So does my wife, and it also speaks to the truth.
I’m not really saying that. I’m saying by setting it up like they did, they didn’t allow the sport to basically even attempt to accept that we can have an championship race outside of Kona. When it’s always 1 year away you will always have a skewed experiment. Again I’m not saying take Kona out of the roation, I’m not saying to replace Kona as the legacy IM. I’m saying there are likely 5 venues that I think the sport in 2025 can put a 4 year rotation and not have massive drop off in numbers, all the while still having Kona an every year IM in non-championship years. I feel pretty confident about that in 2025 triathlon, certainly not 1998 triathlon. And that takes nothing away from Kona (who is saying it would?).
I will disagree with you on 1 thing. If the sport said they would do a 4 year rotation, I think they could find 5 locations in the world to easily get ~5k people for a 2 day race weekend (obviously Kona would only be a 1 day race in said rotation). And that not take anything away from the legacy of Kona. Kona will always be the “grandaddy of them all” (cue Keith Jackson voice).
I said what I would do.

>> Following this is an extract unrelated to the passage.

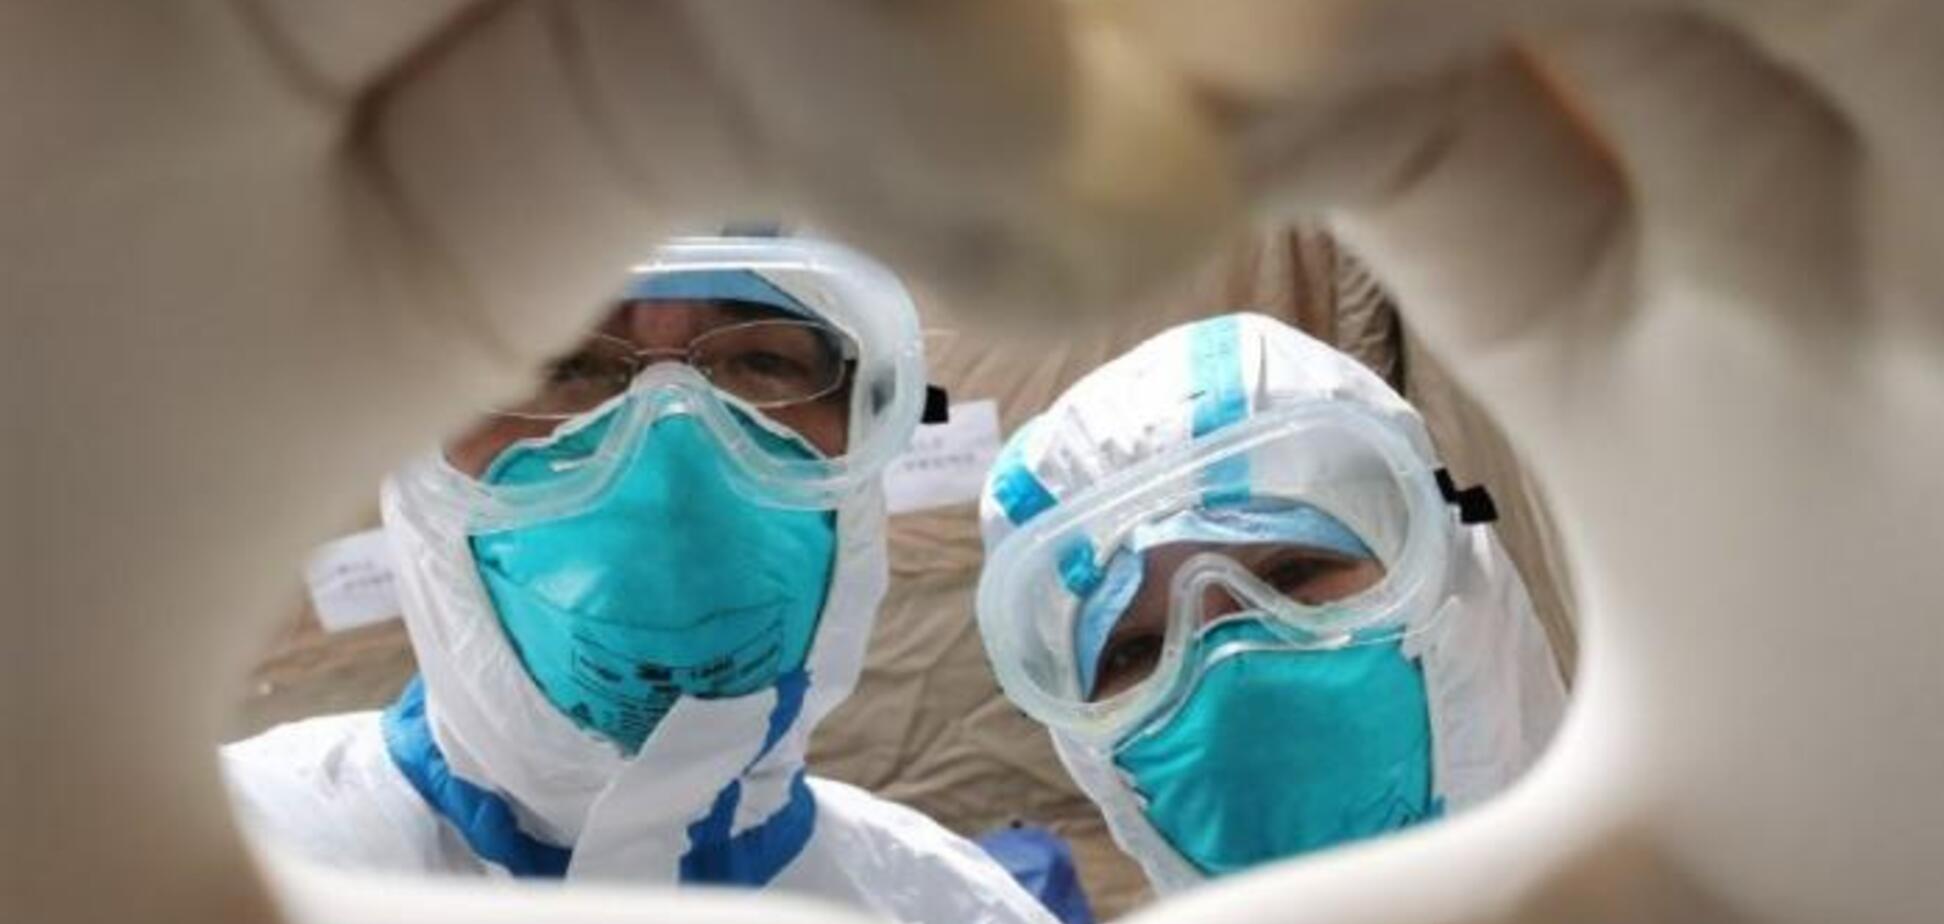 Рано радовались: 195 пациентов в Китае повторно заболели коронавирусом

Not what IM would do.
But, of course if you’re polling your existing customer base the vast majority of them are going to vote for the way things were, as that’s what they knew or drew them in. I don’t think that data is shocking to anybody.
The question is whether that’s the right move from a growth perspective for the sport. Sometimes the old ways are best. And sometimes the most dangerous words in business are “that’s the way we’ve always done it.” Time will tell.

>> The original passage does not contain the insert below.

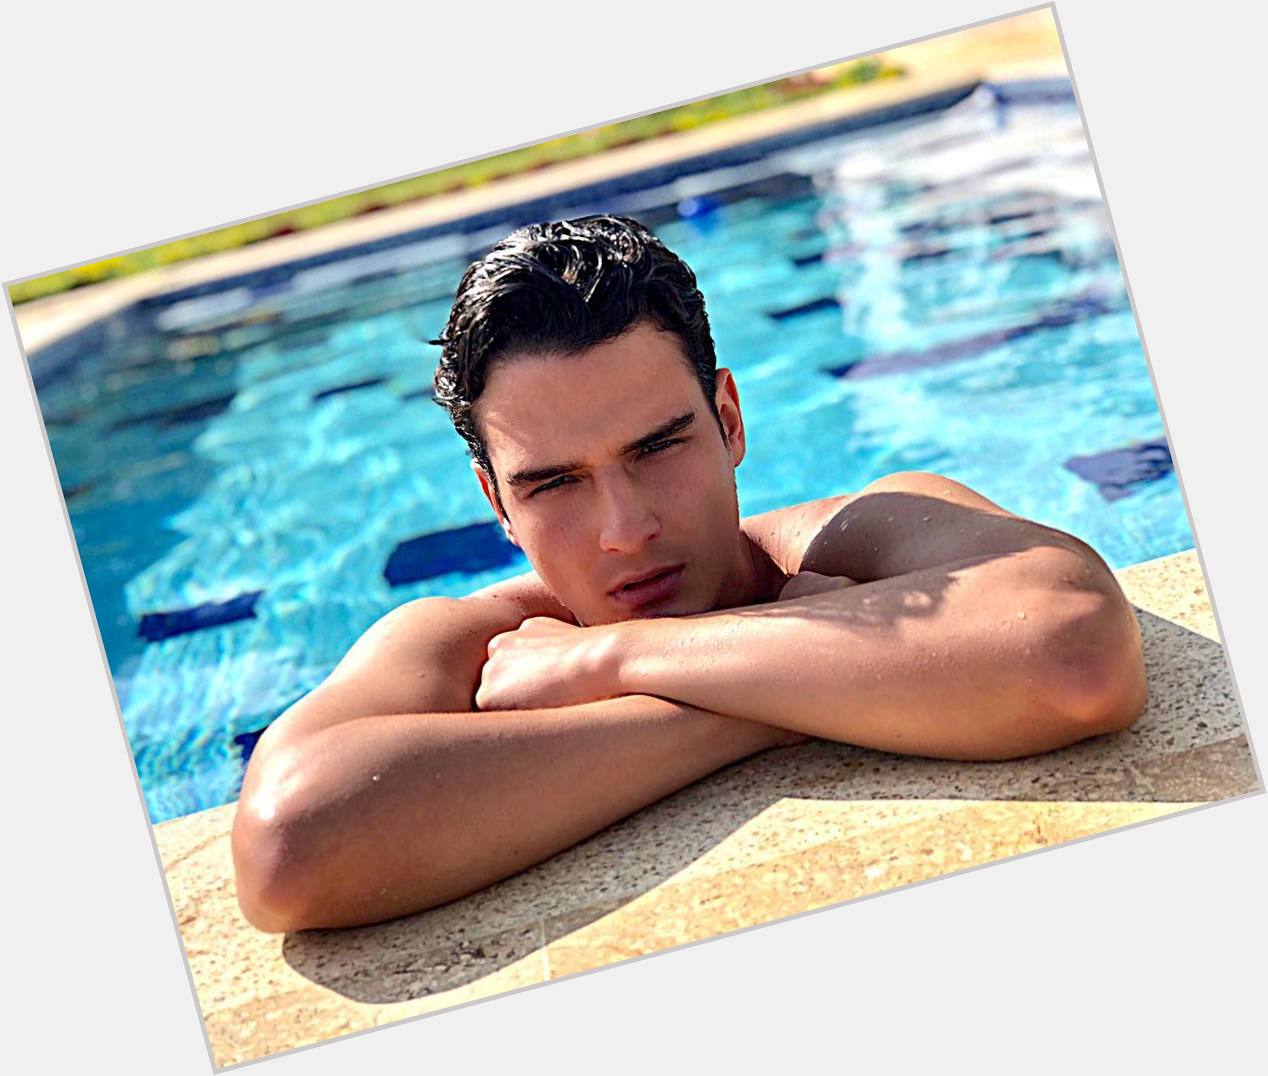 <a href="/hot-men/eduardo-perez/where-dating-news-photos">Eduardo Perez</a>

I think they could have done 1000M / 1000W slots, then left the rest for “proportional” allocation, but that’s also based on how quickly they’re filling women’s only Kona again.
There’s some stats in the infographic that should raise some discussion.
Especially the 2023 Vs 2024 coverage.
2023 had pretty similar coverage between Nice and Kona.
What’s the reason for the bigger coverage/reach in 2024 and the one sided Nice/Kona split?
Also, they are saying that Kona finishers are more likely to quit Ironman. There’s a philosophical question about whether it’s better to keep people dreaming or to give them their dream.
Messick made a big show of trumpeting gender equality as the motivation for a two day Kona, and then a split WC. The motivation always was to maximize the number of athletes paying double the normal entry fee to race a WC. The virtue signaling was just a side benefit.
In the final tally, male pros and AGers will have raced two out of a six year period in Kona. The prior regime were awful stewards of this event.
That’s an odd point of comparison - 1 Day in Kona vs the current split format. Curiously, they’re not showing “2 Day rotation not in Kona” which was the other major option.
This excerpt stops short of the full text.